Dans sa version extrême, celle que défend et incarne Justin Trudeau lui-même, le multiculturalisme conduit à la négation d’un socle commun. Or, il se trouve que ce socle, la plupart des Québécois, souverainistes ou non, cherchent depuis toujours à le pérenniser. Ce « patrimoine » englobe aujourd’hui la langue française, quatre siècles d’histoire, une culture spécifique, des institutions politiques, sociales et économiques distinctes telles que le Mouvement Desjardins, le Chantier de l’économie sociale et la Caisse de dépôt : un ensemble qui constitue le « modèle québécois ».

Dans ce Canada devenu un état postnational — comme se plaît à le dire son premier ministre — où vivent côte à côte les communautés et où « il n’y a pas d’identité fondamentale, pas de courant dominant », il n’y a donc pas de place pour la nation québécoise. Justin Trudeau lui-même, en 2007, un an après l’adoption par la Chambre des communes d’une motion, pourtant sans portée concrète, qui affirmait que les « Québécois forment une nation dans le Canada uni », la reniait tout simplement.

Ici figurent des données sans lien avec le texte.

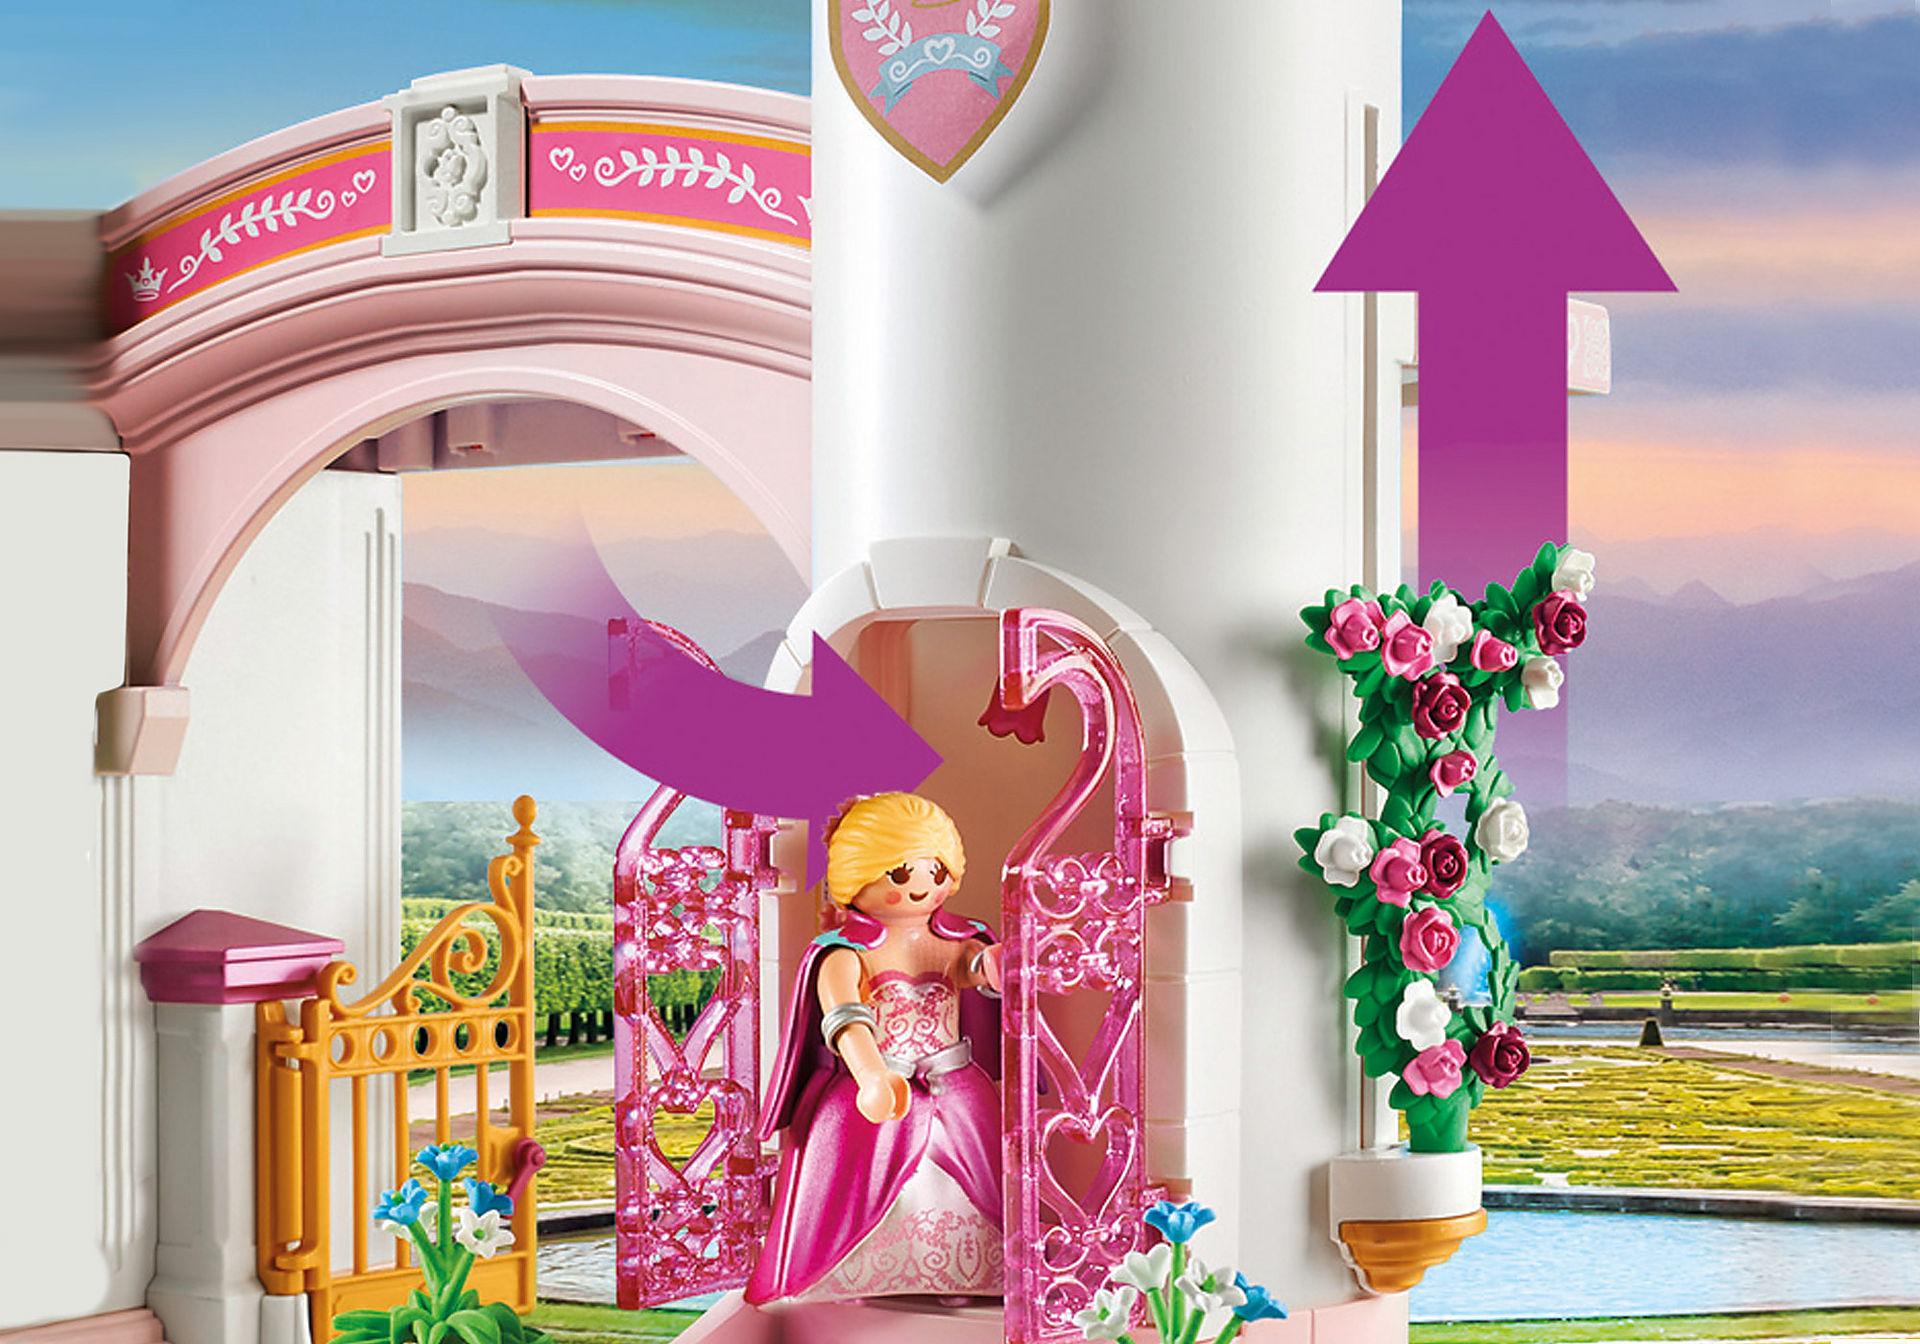 70448 Princess Castle zoom image4

Selon sa vision, le Canada n’est que l’addition d’individus inclus de facto dans un des très nombreux groupes ethniques composant le pays, dont, parmi eux, les Canadiens français. Lui-même, dans son autobiographie, Terrain d’entente, raconte comment, en bon multiculturaliste, il est né Canadien français, et que, vivant à Vancouver, il est revenu à Montréal pour épouser une femme de son « ethnie », expliquant qu’il lui était difficile de s’imaginer passer le reste de sa vie avec quelqu’un qui ne partageait ni sa langue ni sa culture.

En son coeur même, le multiculturalisme est une arme politique déjà utilisée par Trudeau père pour mieux rejeter l’existence de la nation québécoise dans un ensemble plus vaste, où elle ne peut qu’être niée, banalisée, marginalisée. Le multiculturalisme« hardcore » s’attaque insidieusement à l’image qu’ont les Québécois d’eux-mêmes pour constamment les ramener au statut de minorité comme les autres au sein du Canada.

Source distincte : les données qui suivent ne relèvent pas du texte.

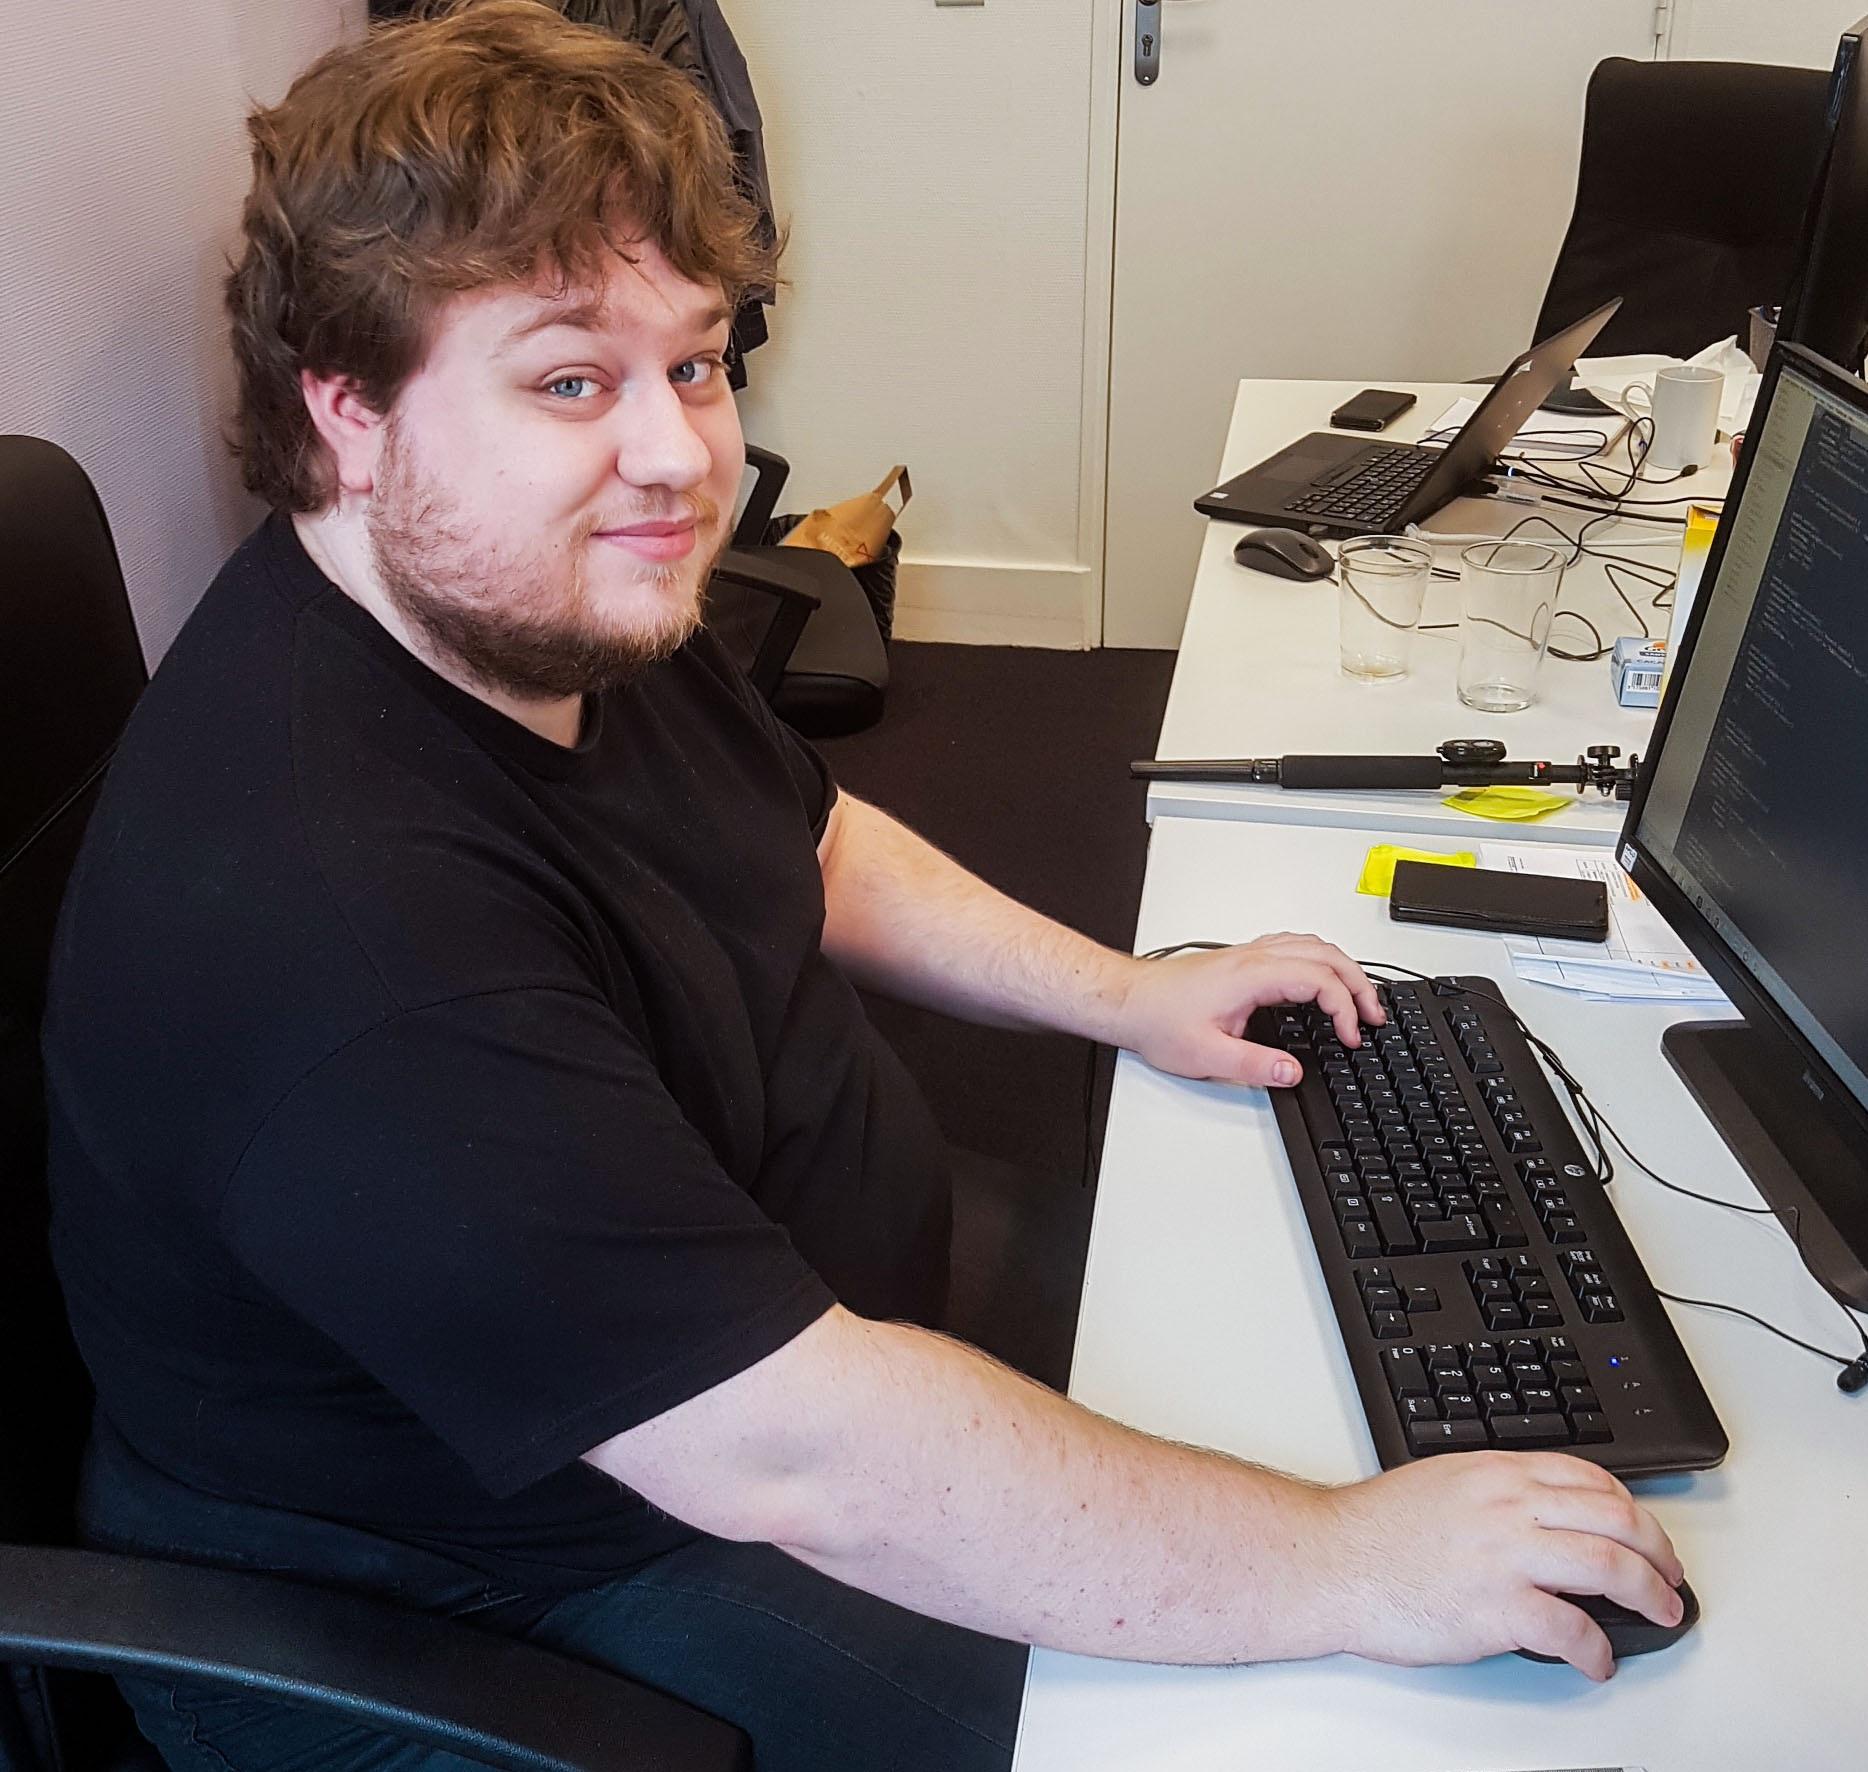 Frantz est notre développeur maison. Grâce à lui, les offres sont diffusées et les candidatures sont envoyées directement aux recruteurs. Ça aide un développeur!

Il n’est donc pas étonnant de voir l’insécurité identitaire gagner du terrain au Québec et prendre, dans certains cas, la forme de la peur irrationnelle et du rejet de l’autre. Comment peut-on être confiant quant à l’avenir et croire que la nation n’est pas appelée à disparaître d’ici quelques générations si, dès aujourd’hui, d’aucuns décrètent qu’elle n’existe déjà plus ?

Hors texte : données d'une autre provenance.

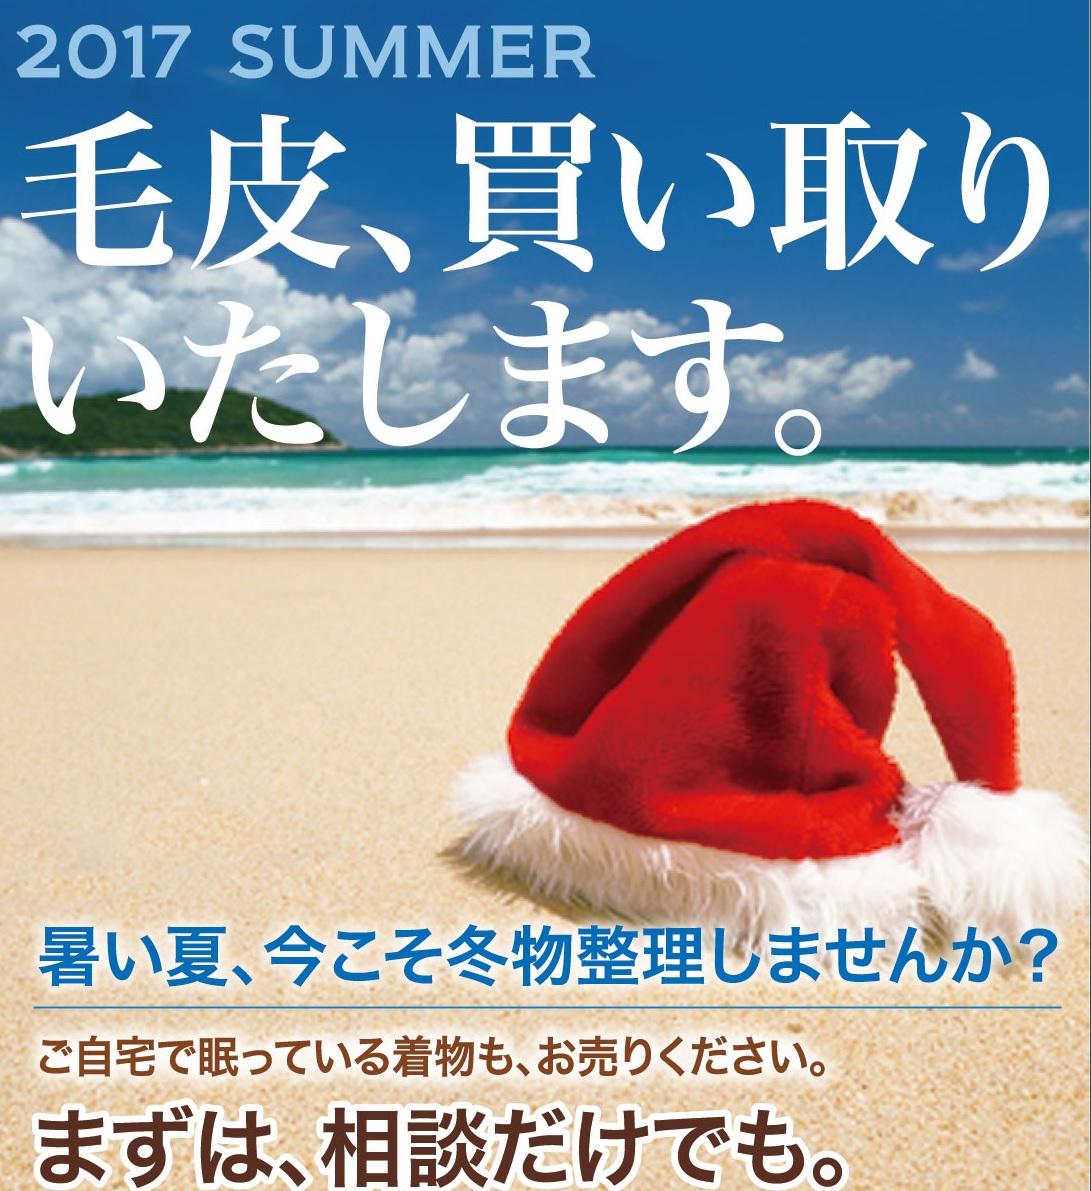 「暑い夏、今こそ冬物整理しませんか?」ぱど8/4号に広告を掲載。創業72年の経験でまじめに鑑定『質はしもと(有)橋本質店

Pourtant, il y a d’autres façons de gérer la diversité dans nos sociétés. Commençons — urgemment — par déconstruire la « ségrégation scolaire » qui afflige certaines de nos écoles, particulièrement à Montréal, et qui perpétue les fractures entre la majorité et les minorités ! Dans trop d’écoles, la « majorité francophone de vieille ascendance » — dixit Gérard Bouchard — est absente ou presque. La mixité scolaire doit devenir la norme, sinon comment se connaître et se reconnaître, comment sortir de l’entre-soi, comment espérer construire une citoyenneté commune ? Pour y arriver, de vigoureuses politiques publiques en matière d’urbanisme, de retour de familles franco-québécoises sur l’île de Montréal et de répartition des nouveaux arrivants sur tout le territoire s’imposent.

Il y a aussi bien sûr la laïcité à instaurer, projet aujourd’hui inachevé, parce que, quoiqu’en disent les bien pensants de droite comme de gauche, elle stimule l’inclusion, le rapprochement interculturel et la cohésion sociale. La laïcité libère et émancipe : comment oublier que le Québec s’est modernisé en se laïcisant au moment de la Révolution tranquille ? À ces deux éléments doit s’ajouter l’adoption d’une nécessaire nouvelle loi 101 qui étendrait l’obligation de franciser les entreprises de plus petite taille pour favoriser en milieu de travail l’intégration et l’échange.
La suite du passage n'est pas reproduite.